[Input for this task Boundary: Start]
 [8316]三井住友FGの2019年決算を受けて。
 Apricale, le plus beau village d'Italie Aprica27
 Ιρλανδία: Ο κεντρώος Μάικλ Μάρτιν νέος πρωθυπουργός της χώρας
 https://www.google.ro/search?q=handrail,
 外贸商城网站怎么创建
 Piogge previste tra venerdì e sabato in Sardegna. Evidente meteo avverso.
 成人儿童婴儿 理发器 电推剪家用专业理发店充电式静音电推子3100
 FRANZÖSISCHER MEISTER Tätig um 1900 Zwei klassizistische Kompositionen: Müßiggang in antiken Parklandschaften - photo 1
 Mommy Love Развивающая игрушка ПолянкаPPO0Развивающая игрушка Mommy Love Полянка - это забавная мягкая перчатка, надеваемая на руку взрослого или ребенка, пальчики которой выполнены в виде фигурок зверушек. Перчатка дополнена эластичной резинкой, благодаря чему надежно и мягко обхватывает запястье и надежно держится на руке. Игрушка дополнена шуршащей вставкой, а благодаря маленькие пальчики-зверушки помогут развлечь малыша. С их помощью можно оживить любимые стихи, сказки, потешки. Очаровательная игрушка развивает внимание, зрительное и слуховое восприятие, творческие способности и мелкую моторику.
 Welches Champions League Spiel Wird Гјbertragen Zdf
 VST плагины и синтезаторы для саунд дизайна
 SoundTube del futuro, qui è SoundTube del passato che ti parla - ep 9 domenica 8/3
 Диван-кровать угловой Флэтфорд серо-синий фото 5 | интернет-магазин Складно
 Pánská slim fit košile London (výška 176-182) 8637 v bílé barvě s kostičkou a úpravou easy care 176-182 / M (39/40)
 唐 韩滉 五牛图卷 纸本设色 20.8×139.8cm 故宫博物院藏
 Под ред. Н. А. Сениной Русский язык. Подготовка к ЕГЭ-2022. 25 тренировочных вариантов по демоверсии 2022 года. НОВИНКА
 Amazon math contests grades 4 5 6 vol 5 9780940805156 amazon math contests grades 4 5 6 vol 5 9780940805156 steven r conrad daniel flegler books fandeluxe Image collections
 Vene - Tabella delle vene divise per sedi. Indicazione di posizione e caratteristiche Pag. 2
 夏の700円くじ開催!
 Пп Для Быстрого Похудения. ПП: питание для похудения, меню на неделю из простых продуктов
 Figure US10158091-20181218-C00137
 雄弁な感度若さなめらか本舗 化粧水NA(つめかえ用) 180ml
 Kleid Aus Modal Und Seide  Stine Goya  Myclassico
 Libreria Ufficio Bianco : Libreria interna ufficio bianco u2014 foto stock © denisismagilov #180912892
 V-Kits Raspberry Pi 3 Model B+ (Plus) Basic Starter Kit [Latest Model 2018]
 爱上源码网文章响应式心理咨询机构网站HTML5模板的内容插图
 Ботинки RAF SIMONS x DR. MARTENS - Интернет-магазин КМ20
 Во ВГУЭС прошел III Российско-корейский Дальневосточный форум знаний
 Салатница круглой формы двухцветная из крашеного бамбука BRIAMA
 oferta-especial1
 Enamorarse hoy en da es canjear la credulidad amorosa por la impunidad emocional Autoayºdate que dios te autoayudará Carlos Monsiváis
[Input for this task Boundary: End]
**Problem to work on**: Starting with the line above that holds "Под ред. Н." and stopping with the line that holds "Amazon math contests grades 4 5 6 vol 5 9780940805156 amazon", reproduce each line exactly, omitting all other lines.

**Answer to the exercise**:
 Под ред. Н. А. Сениной Русский язык. Подготовка к ЕГЭ-2022. 25 тренировочных вариантов по демоверсии 2022 года. НОВИНКА
 Amazon math contests grades 4 5 6 vol 5 9780940805156 amazon math contests grades 4 5 6 vol 5 9780940805156 steven r conrad daniel flegler books fandeluxe Image collections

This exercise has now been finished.